But what was striking was “cautious optimism” expressed about the business sector, which was stuck in the mud all last year.

The Fed staff’s projection for U.S. GDP growth was stronger at the January meeting than in the previous forecast. The staff also said that downside risks had diminished.

There was also some optimism about the outlook for inflation, which has lagged below the Fed’s 2% target.

Most Fed officials said they generally expected inflation to move closer to the central bank’s 2% target.

A couple of officials went further, saying they detected a “modest step up” in underlying inflation during 2019 and even that inflation might be at the target.

Despite the optimism, Fed officials were careful not to signal any change in interest rates.

The central bank cut rates three times last year and has signaled an on-hold policy stance, absent significant changes to the outlook.

In their discussion, Fed officials saw good reasons for leaving benchmark rates unchanged.

They discussed how “maintaining the current policy stance for a time could be helpful in supporting U.S. economic activity in the face of global developments that have been weighing on spending decisions,” the minutes said.

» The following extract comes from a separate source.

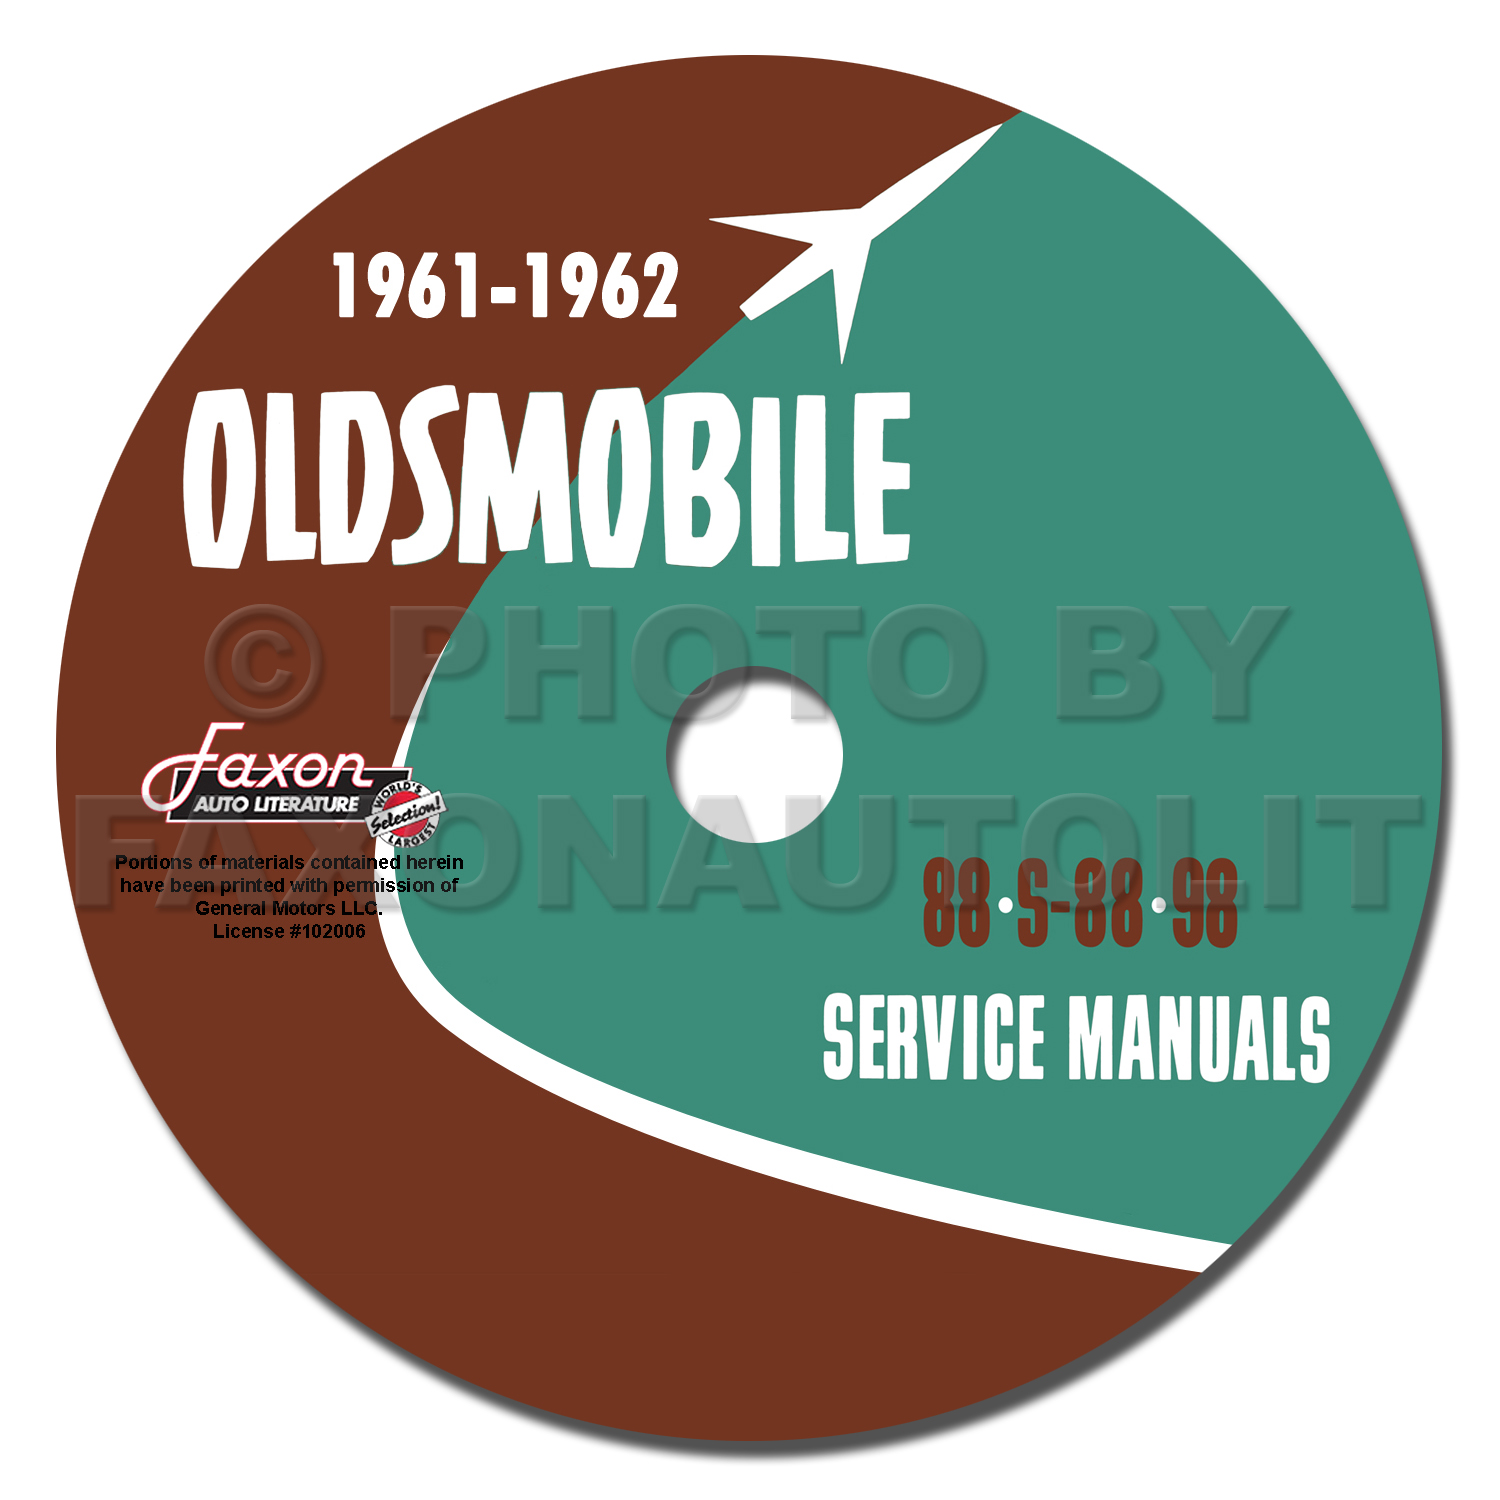 1961-1962 Oldsmobile CD-ROM Shop Manual

Minneapolis Fed President Neel Kashkari, speaking on Wednesday in Mankato, Minn.. said that he thought the Fed could keep rates steady “for the next three months, next six months or maybe longer,” according to the Wall Street Journal.

Kashkari said the level of the Fed’s benchmark rate was now “providing a little bit of stimulus” to the economy.

Fed officials said this stimulus would also be useful in pushing inflation to the 2% target, officials said.

Steve Stanley, chief economist at Amherst Pierpont, said that doves are in control at the U.S. central bank.

“One can debate the merits of the Fed’s policy stance, but there should be no uncertainty that this FOMC is extremely dovish and that the hurdles to easier policy are lower than those to less-easy policy,” Stanley said.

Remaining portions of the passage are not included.